Wednesday, November 13, 2013

Agencies Send OMB Draft Regulations Defining Clean Water Act Jurisdiction

After years of starts and stops, the U.S. Environmental Protection Agency and U.S. Army Corps of Engineers have drafted a proposed regulation that will significantly affect which waters are subject to regulation under the Clean Water Act. 

Following 2001 and 2006 U.S. Supreme Court rulings addressing which “waters of the United States” are subject to Clean Water Act jurisdiction, EPA, the Corps, federal courts across the country, and the regulated community have all struggled to interpret the Supreme Court’s rulings.  Those rulings, Solid Waste Agency of Northern Cook County (SWANCC) v. U.S. Army Corps of Engineers, 531 U.S. 159 (2001), and Rapanos v. United States, 547 U.S. 715 (2006), offered no clear guidance.  Indeed, Justice Kennedy’s lone concurrence in the Rapanos plurality opinion stands as the guiding principle in determining what defines a “water of the United States.”

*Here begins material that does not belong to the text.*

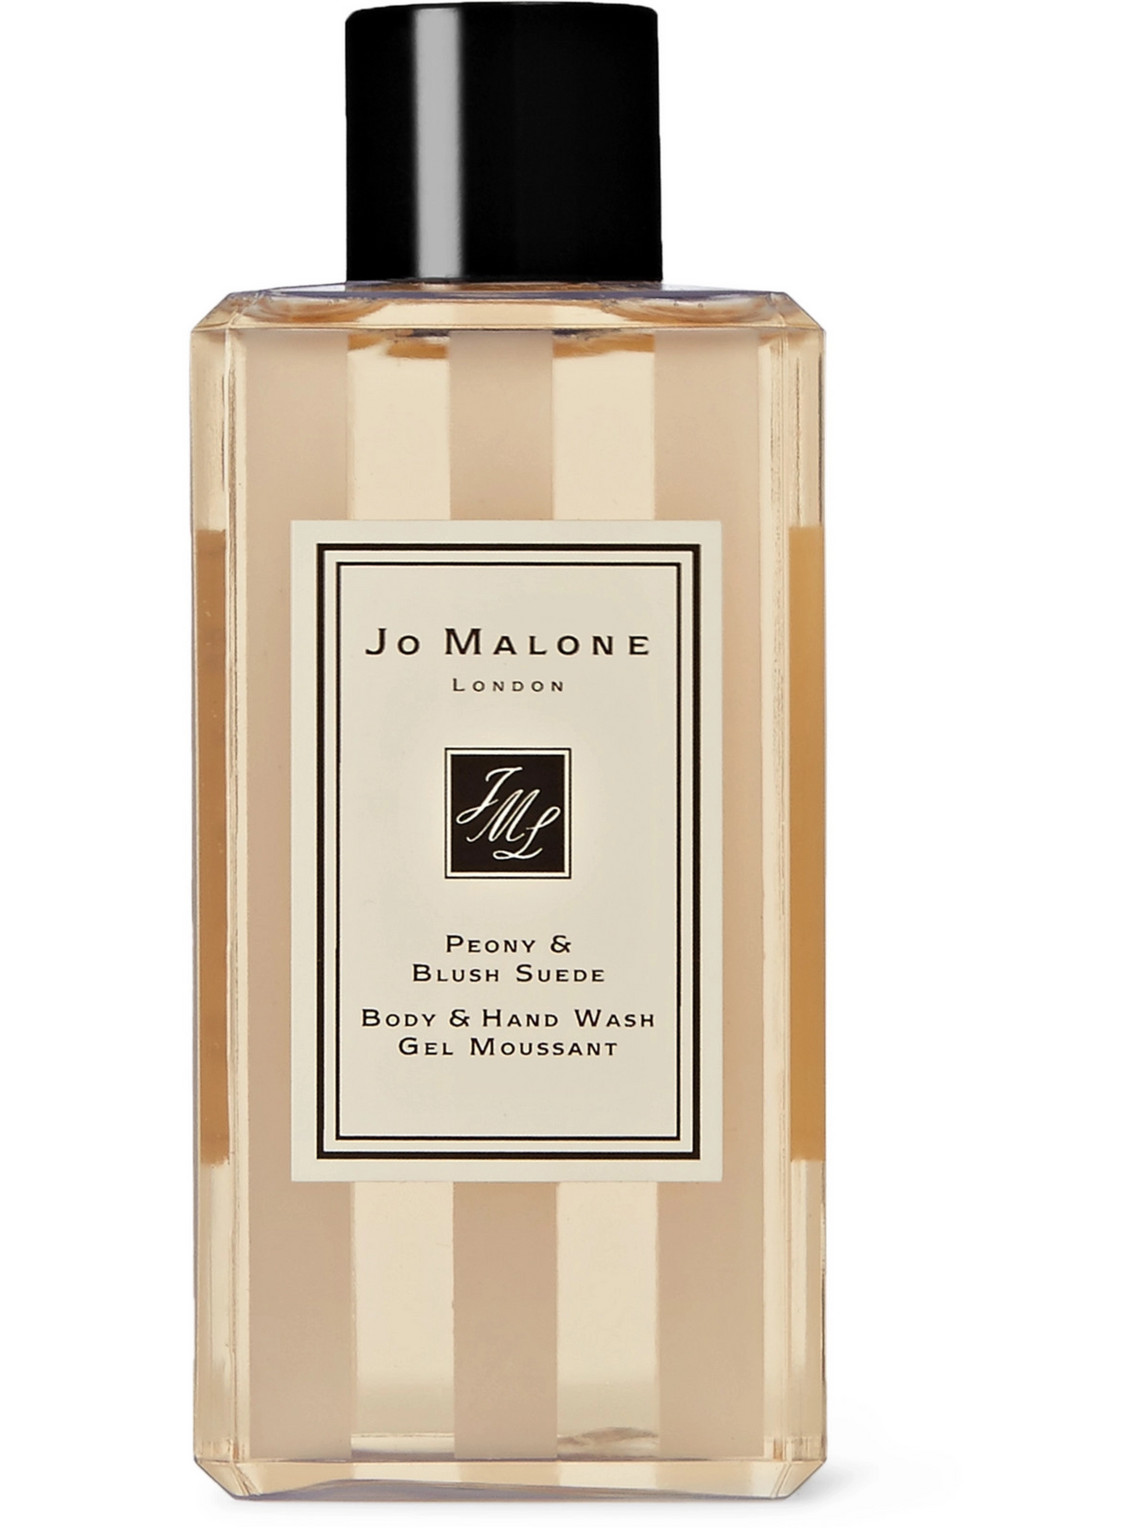 Jo Malone London Peony And Blush Suede Body & Hand Wash, 100ml In Colorless

Justice Kennedy’s view that waters with a “significant nexus” to more traditionally jurisdictional waters may be regulated provides the basis of EPA’s and the Corps’ proposed regulation.  Among other things, the regulation would, for the first time, define “significant nexus.”  That term would be defined as “a more than speculative or insubstantial effect that a water, including wetlands, either alone or in combination with other similarly situated waters in the region . . . has on the chemical, physical or biological integrity” of more traditionally jurisdictional waters as defined in the regulation.  The proposal would also define “tributary” such that any defined tributary would have the significant nexus necessary to bring it within the scope of the Clean Water Act.

The agencies have submitted a draft of the proposed regulation to the Office of Management Budget.  When published in the Federal Register, it will undoubtedly generate thousands of comments.  It is far too early to speculate as to whether the final regulation will look like the proposed regulation, when a final regulation may be issued, and, in the face of almost certain litigation once the rule is final, when the regulations may actually be implemented.